My in-laws started encouraging my husband and me to travel to the Suva Fiji Temple to be sealed. We had never been to the temple, and we decided that this was the best way for us to find hope and healing.
Nothing could have prepared me for what I felt that day! I knew that my husband and I would be sealed together for eternity. This knowledge filled me with gratitude and love. But I hadn’t understood that this sacred ordinance was much bigger than the two of us.
At the temple, I learned that Alicie could be sealed to us. I cried tears of joy as I came to know this sacred doctrine. Our daughter would be ours for all eternity! I testify that God has provided everything we need for happiness in His holy house.
In the years since, my husband and I have been blessed with a son and three adopted children. Yet we can never forget Alicie.

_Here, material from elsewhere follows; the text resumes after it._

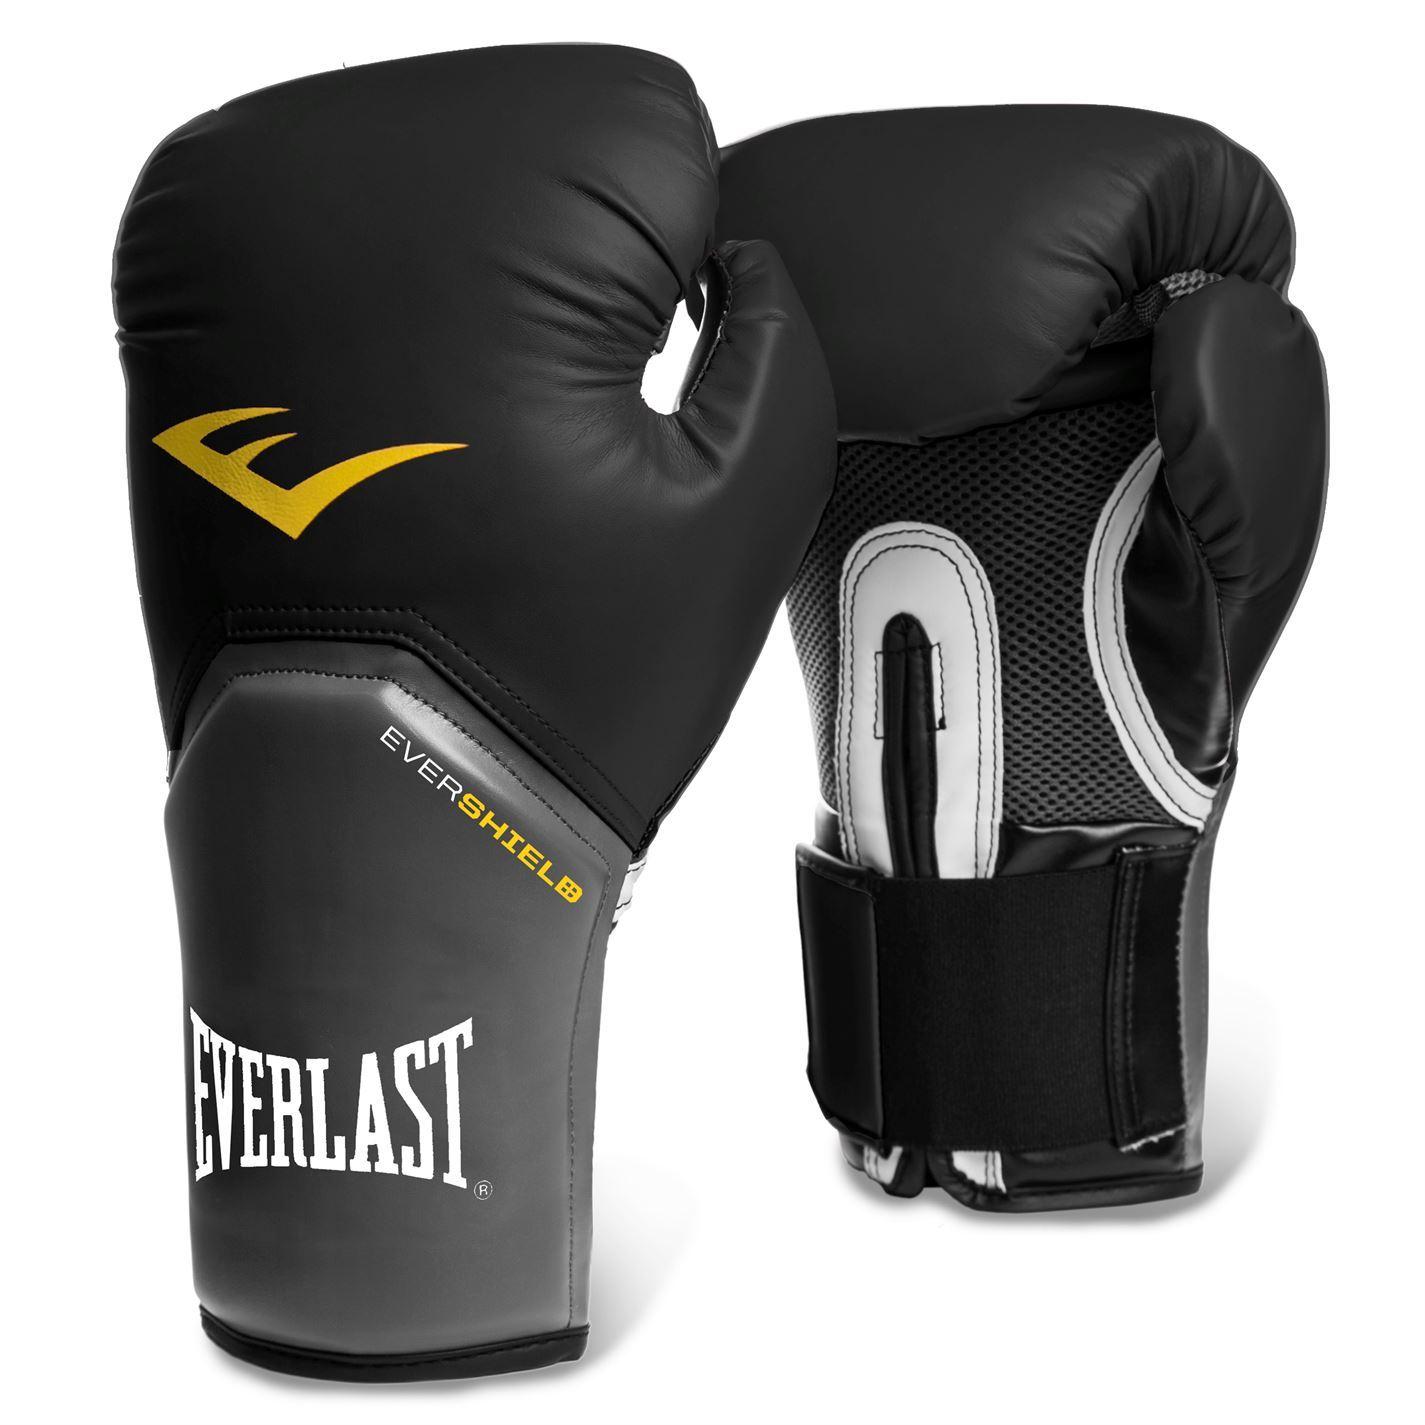 Everlast Gloves Elite Training Evershield Boxing Gloves Everlast Gym Fitness Bag Sparring Gloves 4ffbd7

Because of the ordinances of the temple, our daughter is a part of our family forever.
When I meet someone who has lost a child, I feel their pain with them. But I also know that this pain is not the end. Through losing Alicie, as well as experiencing other trials, I know that God is there for me. When I get discouraged or complain about things, I know that God is always there.
I know I will see Alicie again, and that truth continues to fill my husband and me with deep joy.